Abstract

Within any agronomic crop, multiple processes contribute to the loss of carbon uptake with increasing leaf age. Leaves within the crop canopy experience increasingly lower insolation levels with increasing age due to development of leaves at higher canopy positions. This overshadowing occurs concurrently with declining photosynthetic activity due to physiological alterations with leaf aging. Research exploring the photosynthetic response to these changing light conditions and leaf senescence has failed to adequately separate environmental from physiological responses.
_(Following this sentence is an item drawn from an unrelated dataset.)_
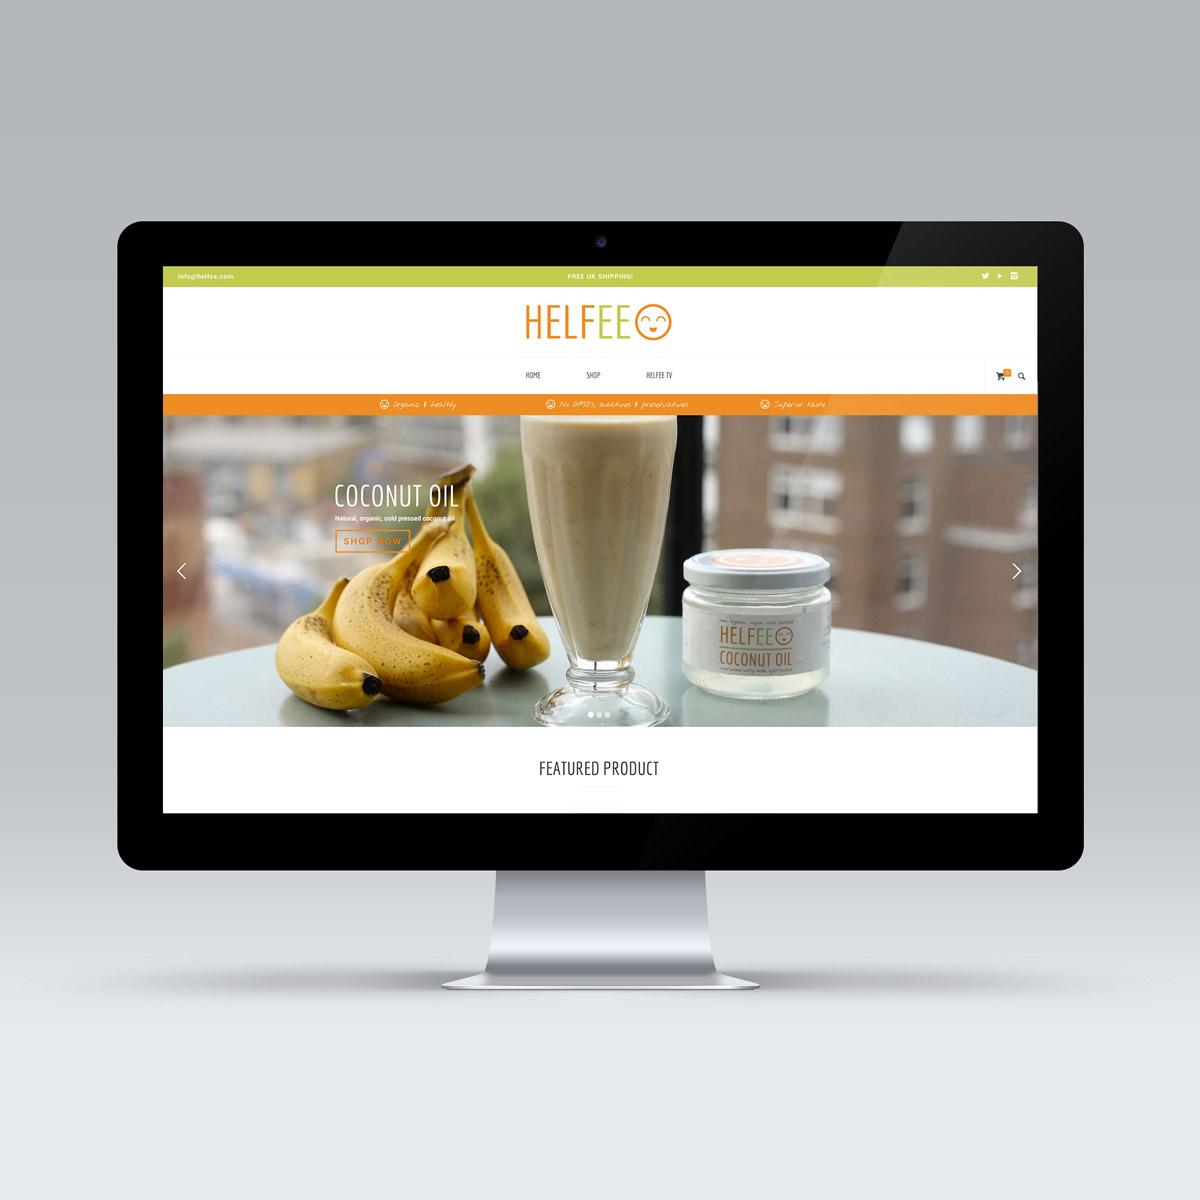 Promoworx - Helfee Website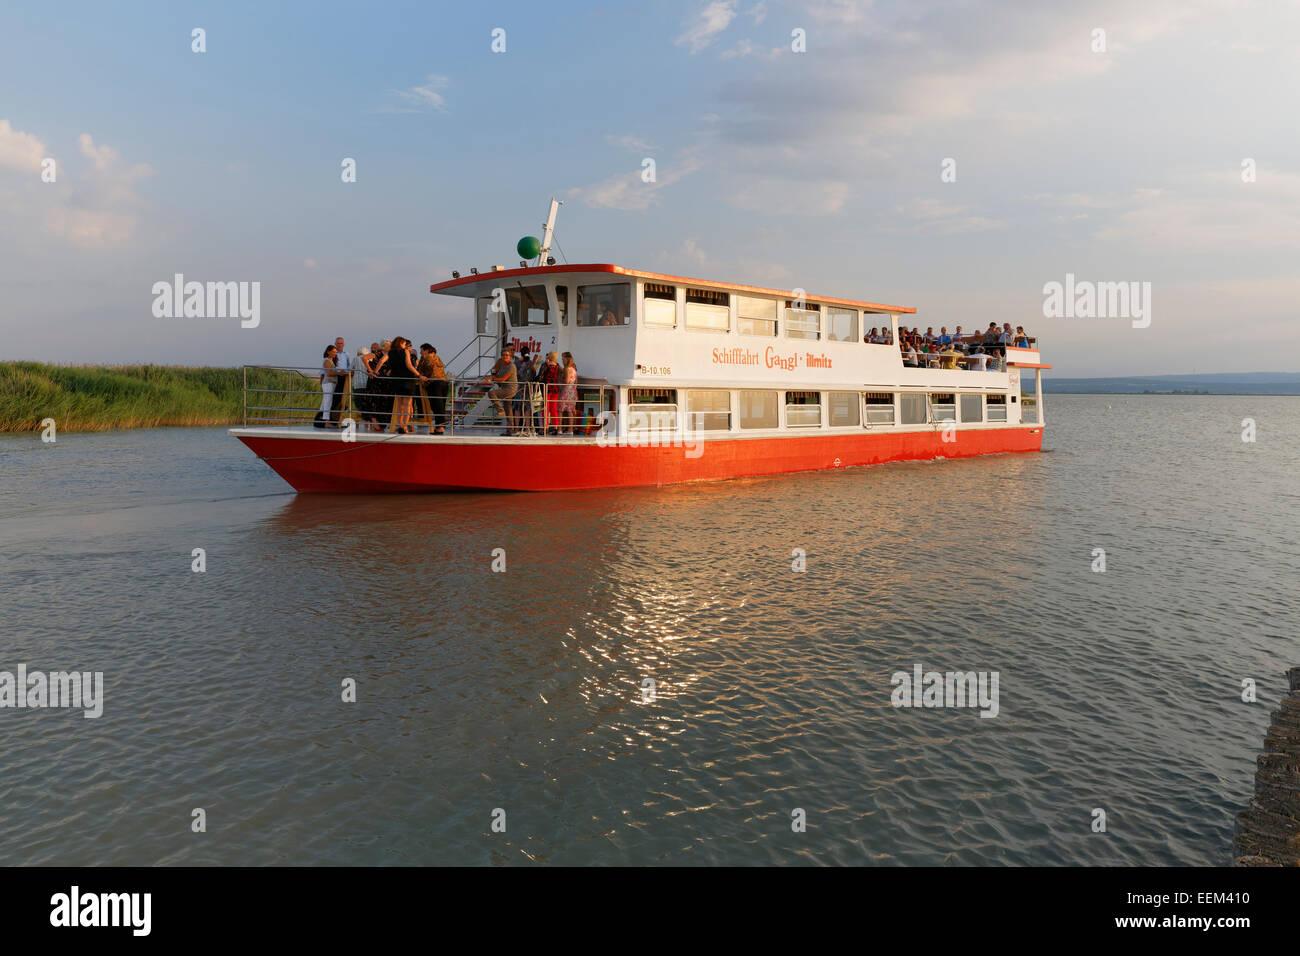 Passenger ship on Lake Neusiedl, Illmitz, Northern Burgenland, Burgenland, Austria - Stock Image

Additionally, growth chamber grown plants often show very different photosynthetic responses to photon flux during the aging process than leaves grown under the highly variable photon flux levels in the natural environment. In this study, cotton ( Gossypium hirsutum, L.) leaves were held at various levels of full sun in an outside growing area and photosynthetic characteristics were determined with increasing leaf age. Photosynthetic efficiency and capacity decreased rapidly and substantially as the leaves aged; the decline in maximal photosynthetic capacity was more substantial than that of the photosynthetic efficiency. However, no statistically significant differences in leaf photosynthetic characteristics were observed due to the photon flux environment experienced during the aging process. The changes in leaf photosynthetic responses to light environment during leaf aging were solely the result of physiological changes within the senescing leaf and not the result of differences in PFD environment. Similar sun-to-shade adaptations in leaf protein and chlorophyll levels reported in previous studies were observed in response to photon flux environment, indicating an adjustment of the photosynthetic apparatus to incident light. These results have particular significance for leaves within crop canopies that often develop under near-full sun conditions, and gradually experience deeper levels of shade throughout the leaf life span as upper canopy foliage develops.